17/x Birth of a Nation came out on Feb. 8, 1915. Smalls died on Feb. 23, 1915. He has a connection to the movie, even though It is unlikely he saw it before he died. When Wilson was elected President in 1913, Smalls was then a federal customs inspector.
18/x One of Wilson’s priorities was to try eliminate every senior position in the federal government where Blacks supervised whites. He was pretty successful at it and he is credited at having destroyed the middle class in D.C. But he did not limit himself to D.C.
19/x One of the federal officials Wilson fired was Robert Smalls, the man who had survived being owned by his father and his brother, fought in the civil war, and voted to ratify the 14th Amdt.
20/x One of my mentors, a brilliant lawyer/scholar, Professor Peggy Davis, wrote a law review article about Smalls, titled Introducing Robert Smalls. Some of the facts, thought not all, in this thread are taken from the article. She inspired me to keep thinking about Smalls.
21/x Here's why I connect Wilson to Smalls: Wilson was a smart man and as President he can rightfully be credited with a number of achievements at home and abroad.

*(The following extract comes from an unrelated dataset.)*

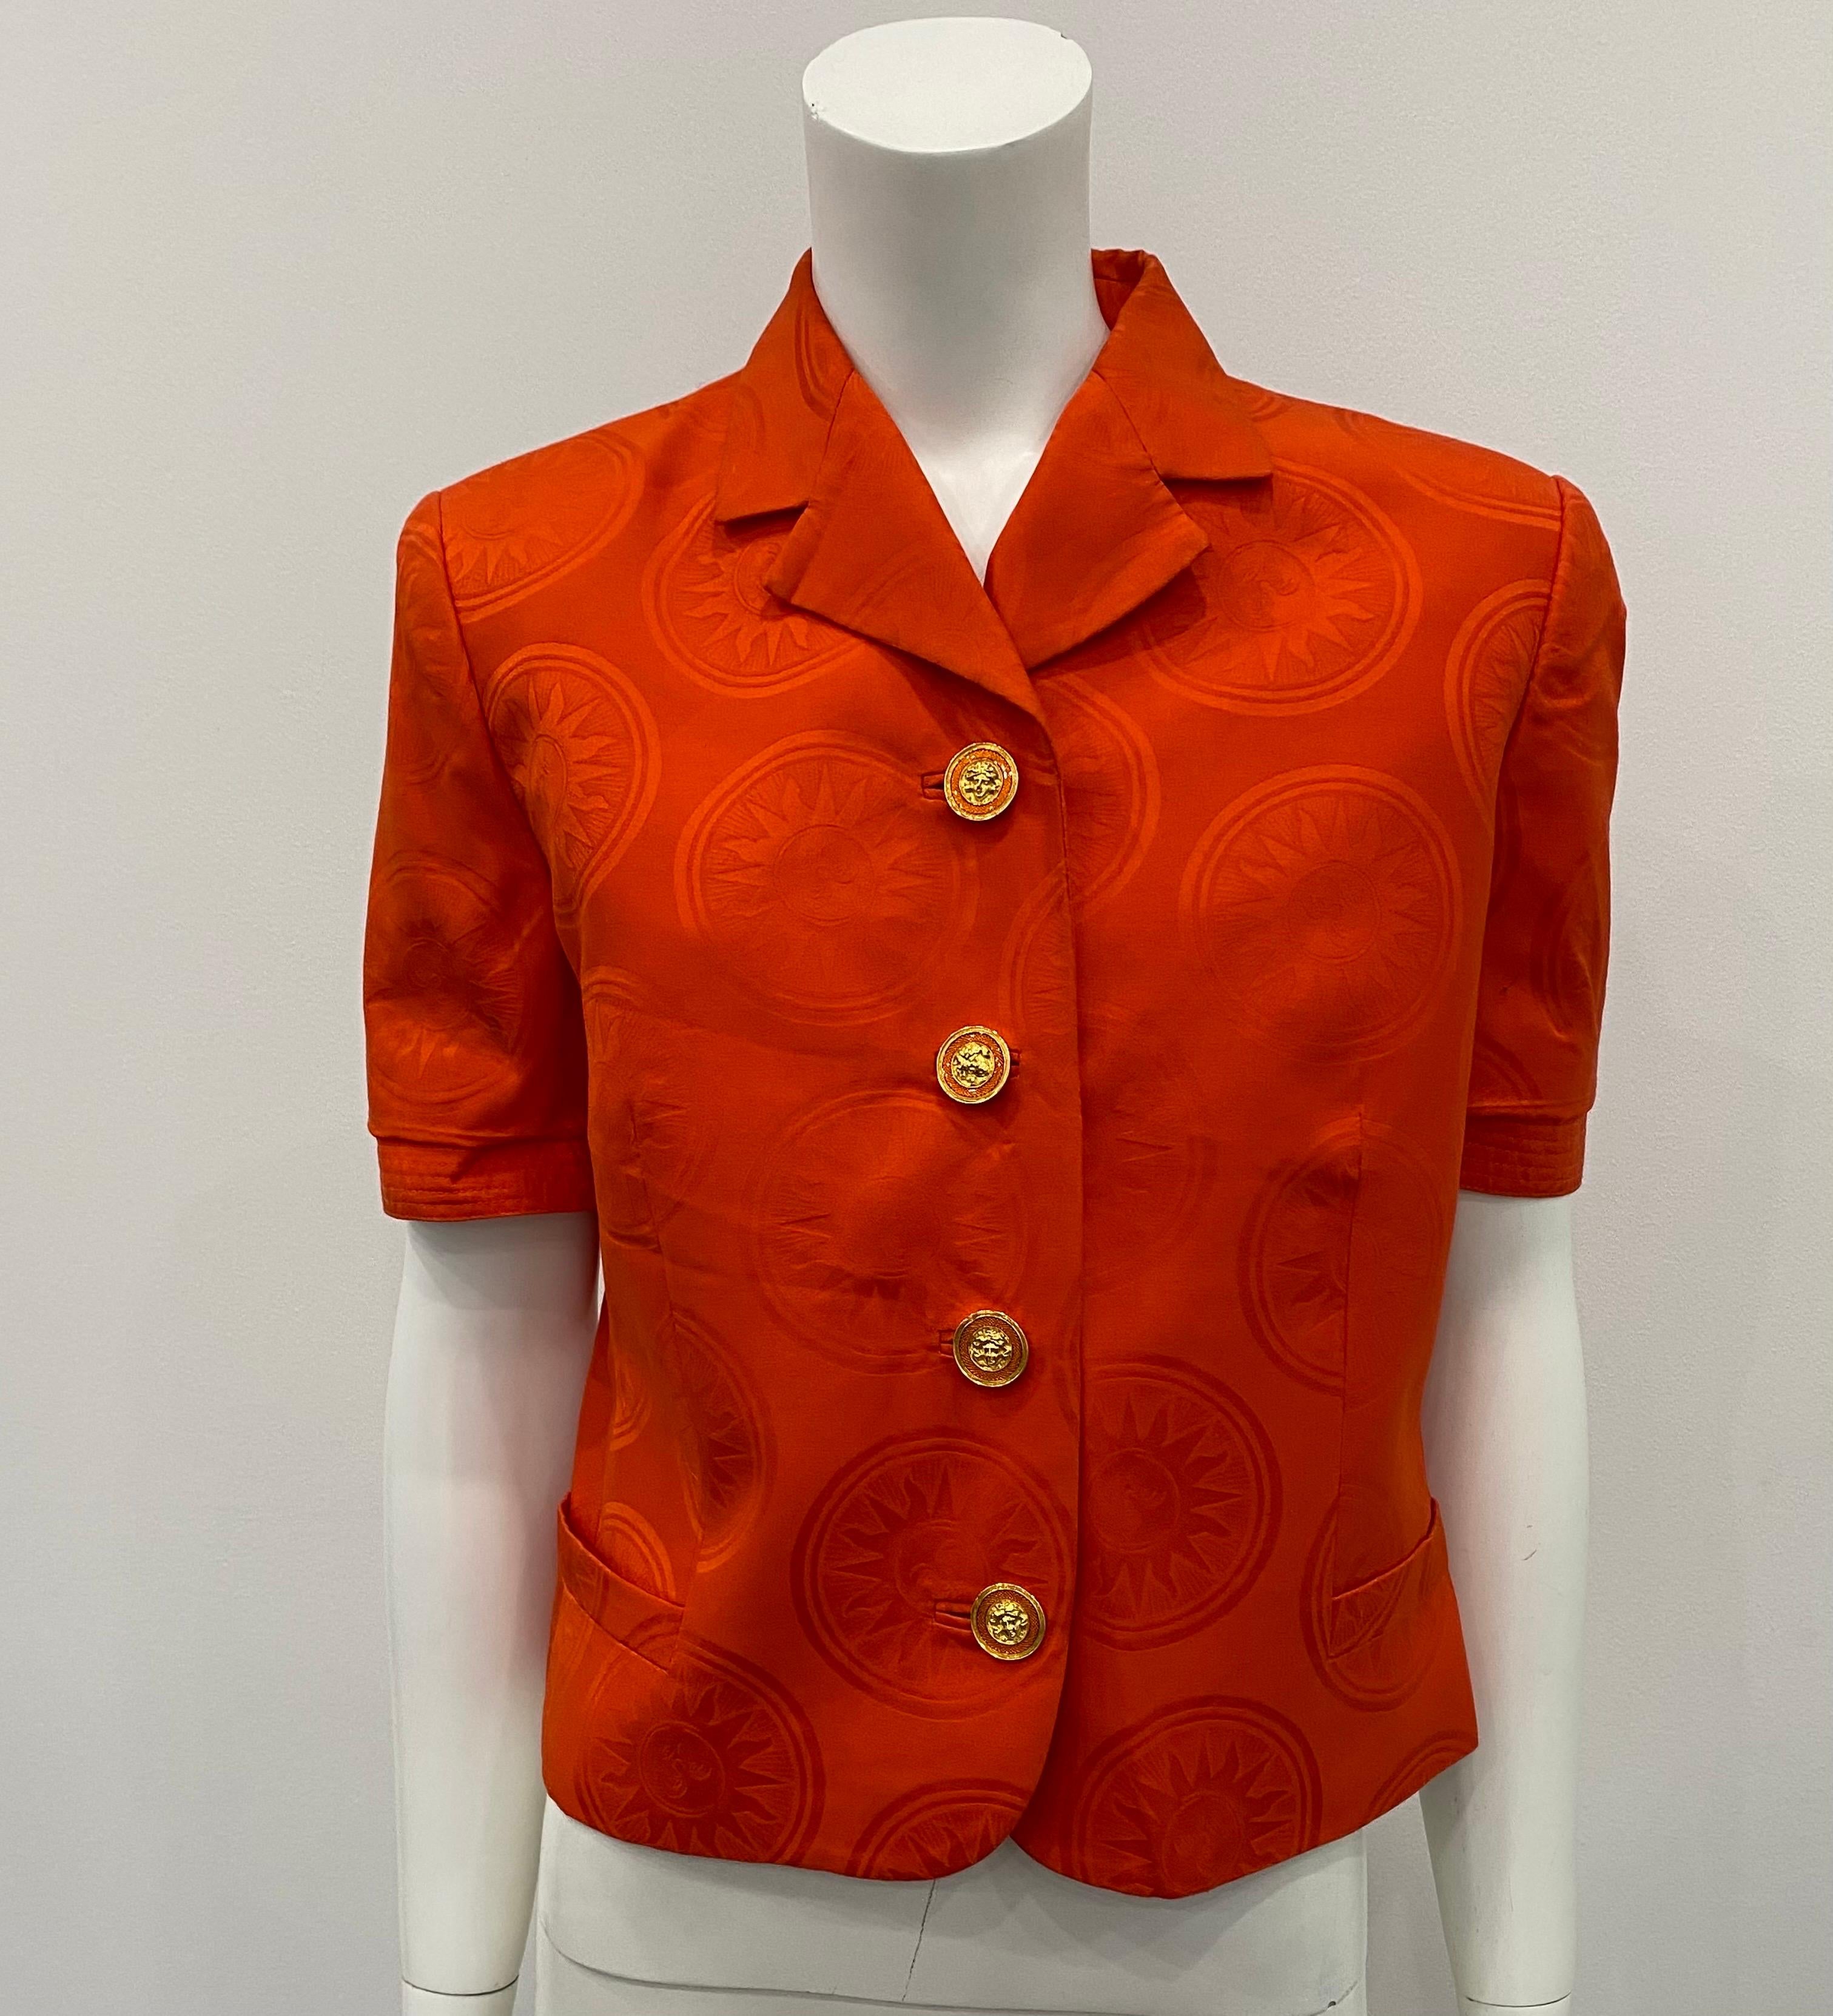 Gianni Versace Couture Orange Silk Damask Sun Pattern Short Sleeve Jacket/Top - Circa 90’s. This fantastic and highly collectible piece has an incredibly vibrant orange damask color, 4 front gold and orange spectacular Versace buttons, short sleeve

He was in his day, and indeed even in the context of our times, a progressive.
22/x He was also a man born into wealth his family accumulated through slave labor and, for all of his education, for all of his urbane sophistication, for all of his progressive bona fides, he lived and died believing that Black people were, as a group, inferior.
23/x And he acted upon that belief to visit incalculable pain and hardship on millions of people here in the US and also abroad when, among other things, he had U.S. Marines occupy Haiti. (Not that I'm bitter, mind you; no sir.)
24/x For his part, Smalls will never be as well known as Wilson and will never be credited as much as Wilson for having shaped this country. And maybe as an objective matter that’s the way it should be. Maybe in the larger calculus of things Wilson “mattered” more than Smalls.
25/x But, on a human level, the arc of Smalls’ life is more remarkable than Wilson’s, & on a human level Smalls achieved more than Wilson: he was born into slavery, freed himself, fought to free others, & helped ratify what is arguably the most important consitutional amdt
26/x Simply put: The distance Wilson had to travel between his wealthy upbringing to the Governorship of NJ, and the presidency is objectively much shorter than that which Smalls had to travel between being enslaved by his own father and getting elected to Congress.
27/X But the fact that Wilson could have so cavalierly held the power to take apart a life Smalls had more than earned with more courage than the vast majority of us will ever know is a demonstration of what we mean by white supremacy.
28/28 I honestly don't care what Princeton does with the name of the Wilson school. What I care about is every time we begin to revisit these questions we dig deeper into the reasons why these questions keep coming up.
PS yes, for anyone of a certain worldview who's about to tweet at me that Wilson was a democrat, yes, I am aware of that fact.
One point about Princeton: first time I walked on campus (as a grown man with a career) I felt like a peasant wrapped in rags, covered in mud, mumbling incoherent grunts. Didn’t feel that way at Harvard or Yale. There’s just something about Princeton that SCREAMS power & money.